• **About this exercise**
In the listing below, locate the line containing "Illumagic 180cm Rail" and copy it and every line after it through the end, exactly as written, leaving out any pictures.

• **Provided data**

=== Section Start ===

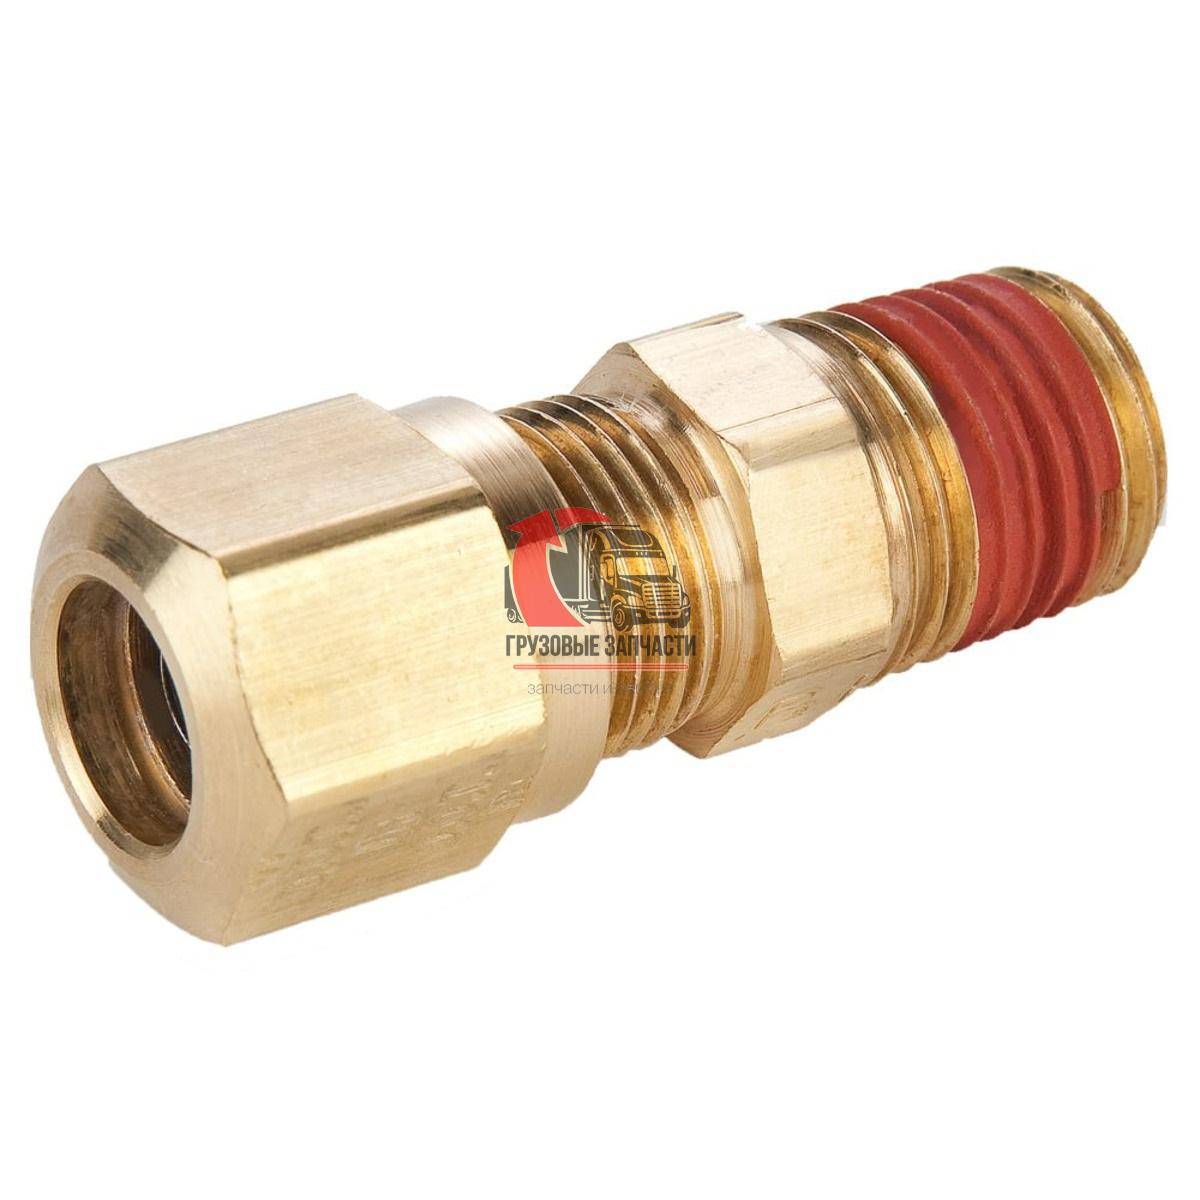 Фитинги грузовые. Parker Hannifin Connector male 1/2. Vs68nta6 6. Parker Hannifin tube to Pipe, Adapter. Parker Hannifin vs271nta6 4.
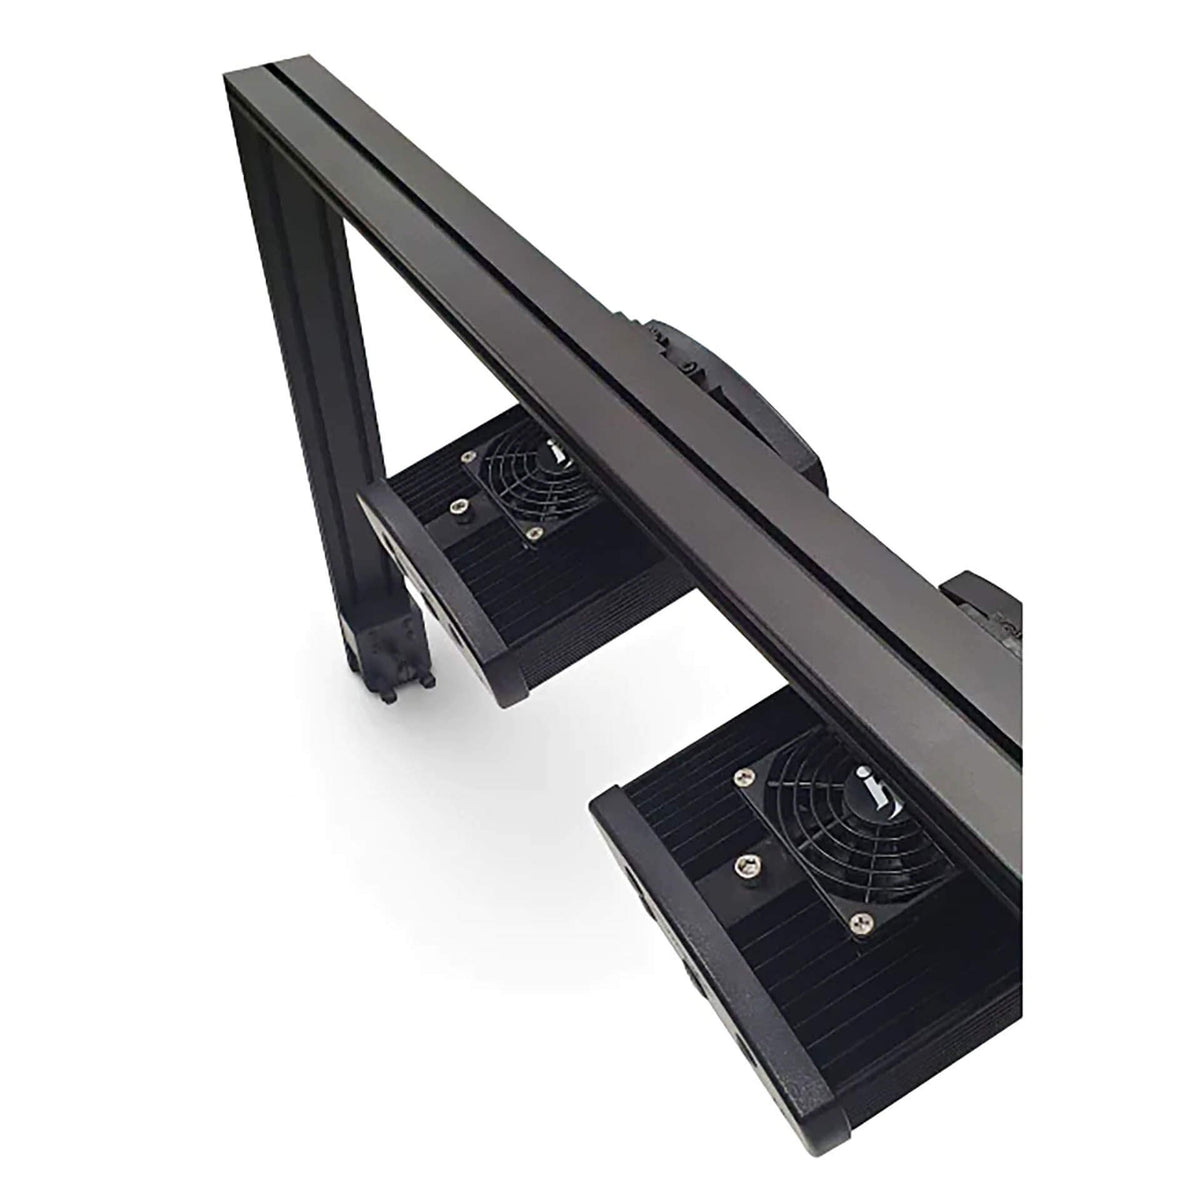 Illumagic 180cm Rail Only Mounting System** - Special Order Item
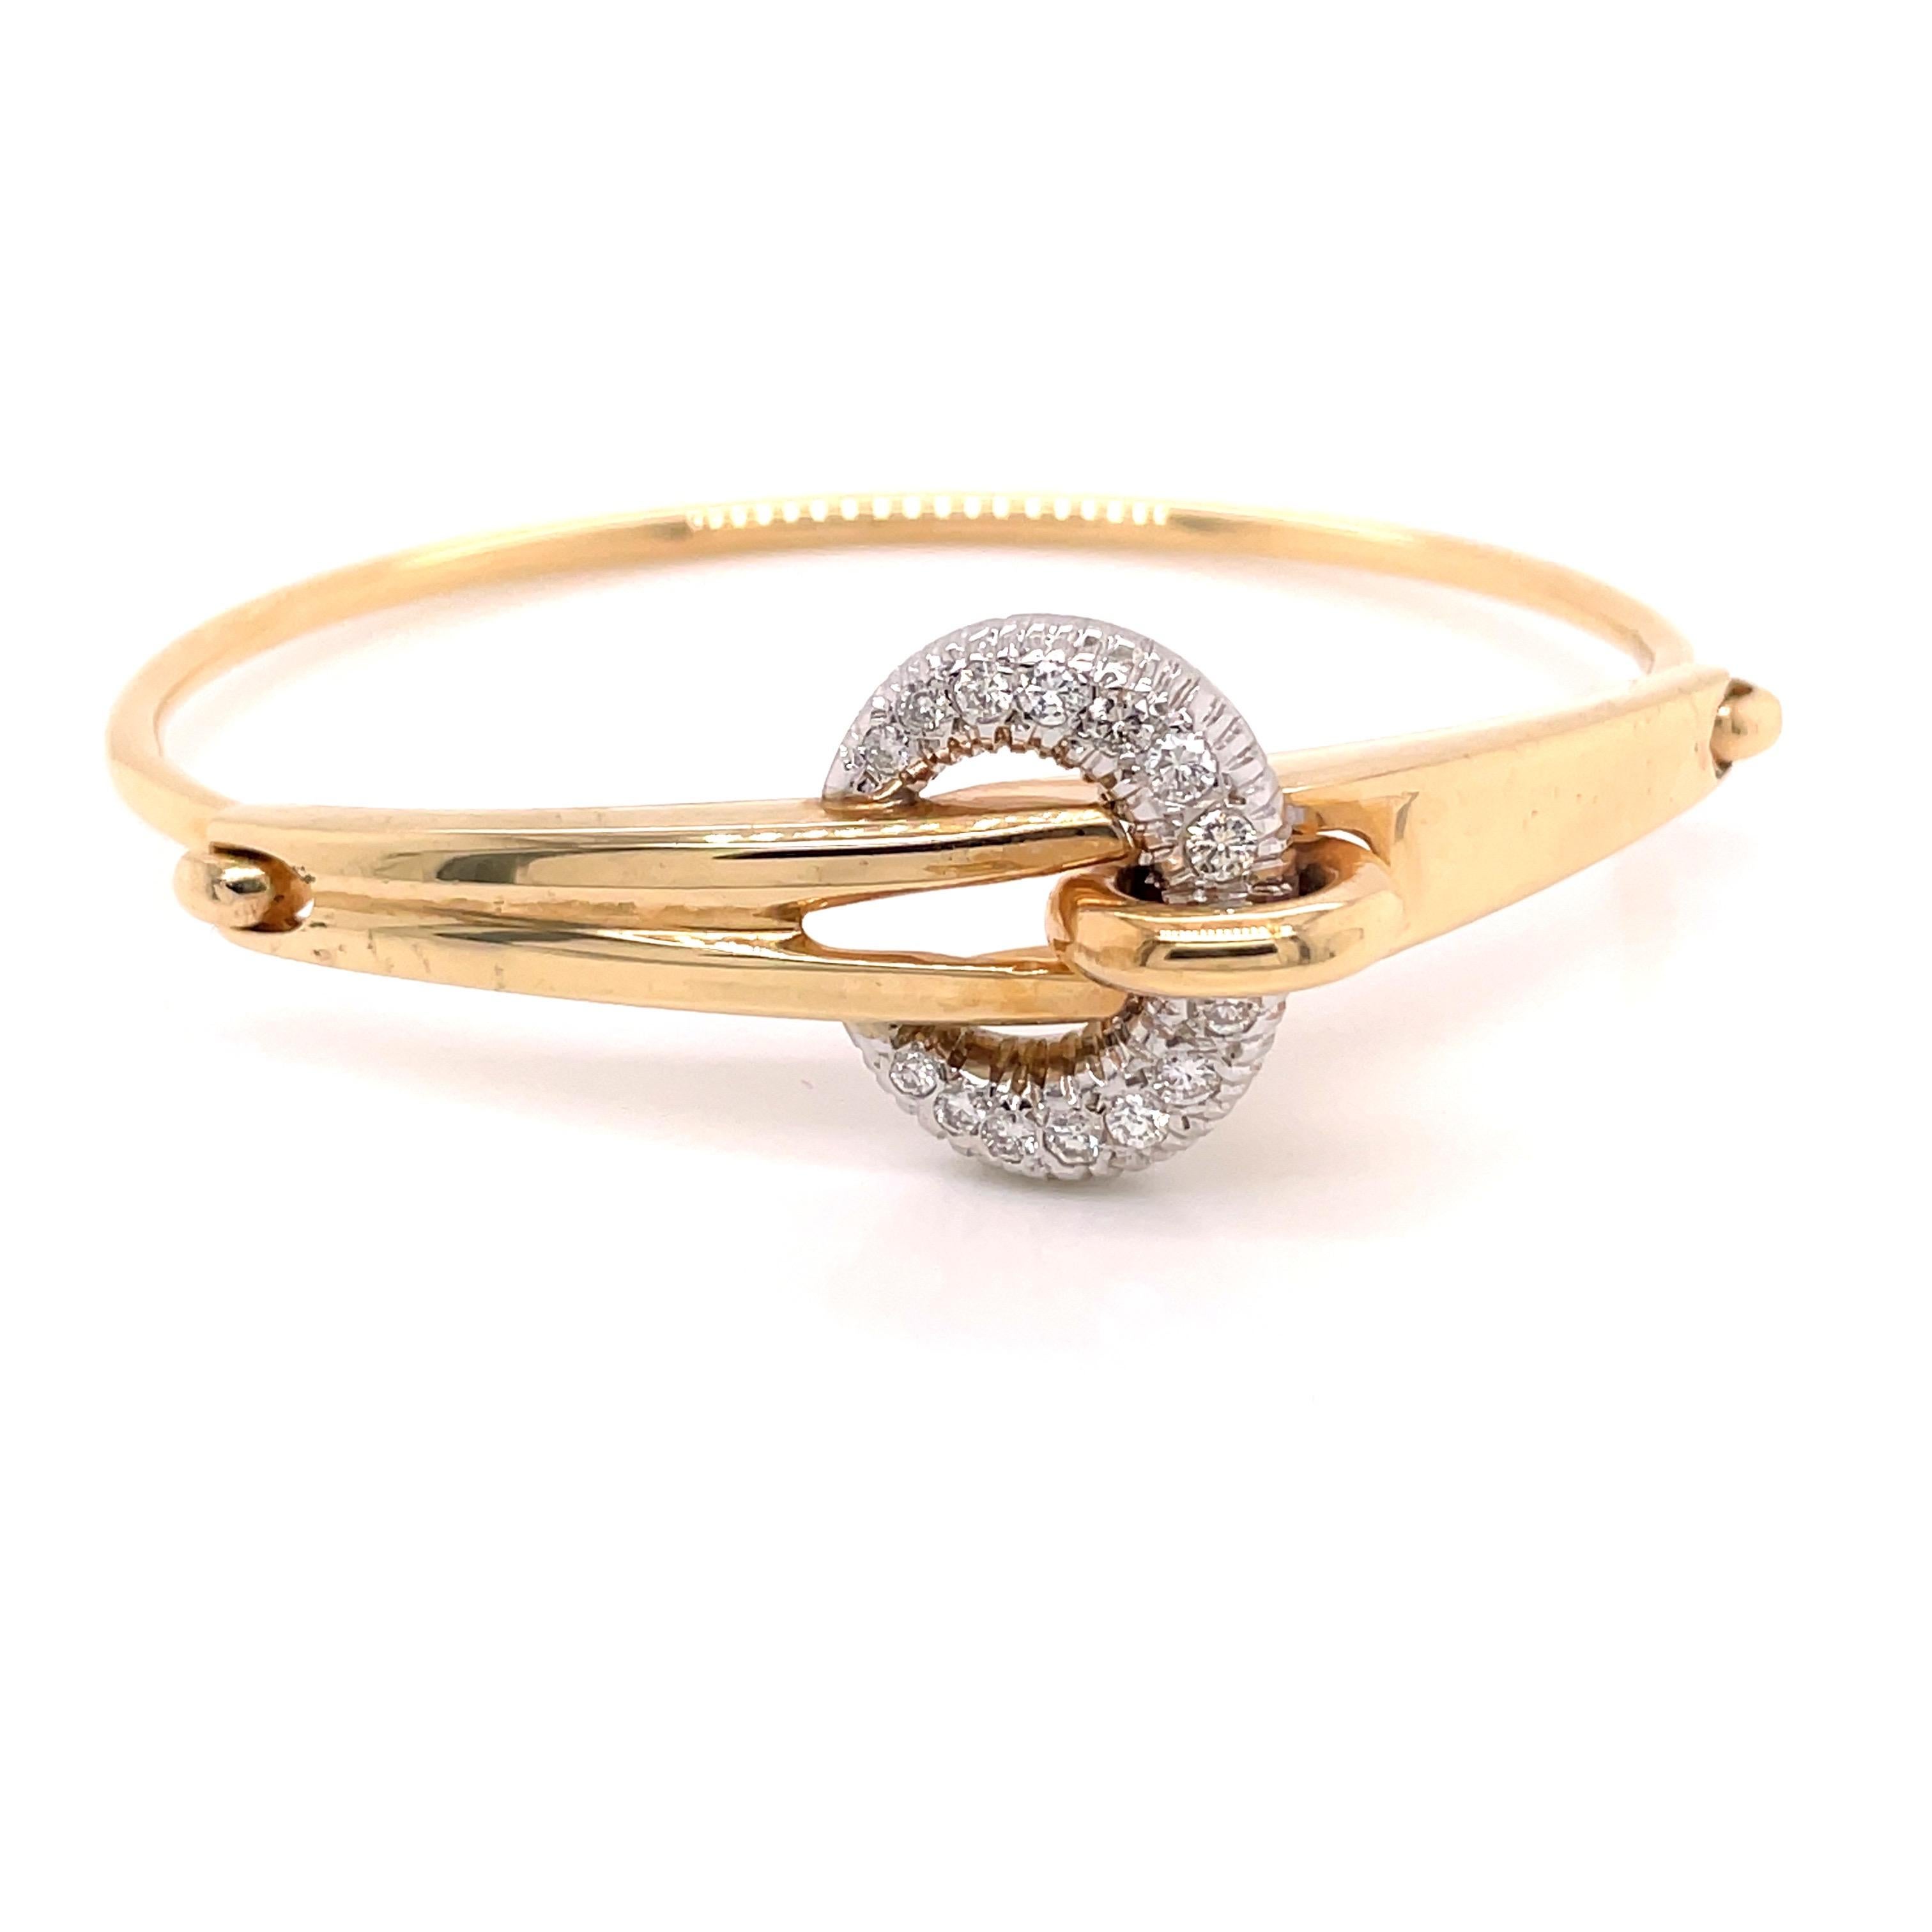 14K 2-Tone Gold Diamond Buckle Bangle Bracelet .63ct - The bangle is set with 14 round brilliant diamonds weighing .63ct with G - H color and SI clarity. The width of the buckle is 19mm. The bangle tapers from 7mm on top to 2.3mm on the bottom. The

=== Section End ===

• **Exercise answer**
 Illumagic 180cm Rail Only Mounting System** - Special Order Item
 14K 2-Tone Gold Diamond Buckle Bangle Bracelet .63ct - The bangle is set with 14 round brilliant diamonds weighing .63ct with G - H color and SI clarity. The width of the buckle is 19mm. The bangle tapers from 7mm on top to 2.3mm on the bottom. The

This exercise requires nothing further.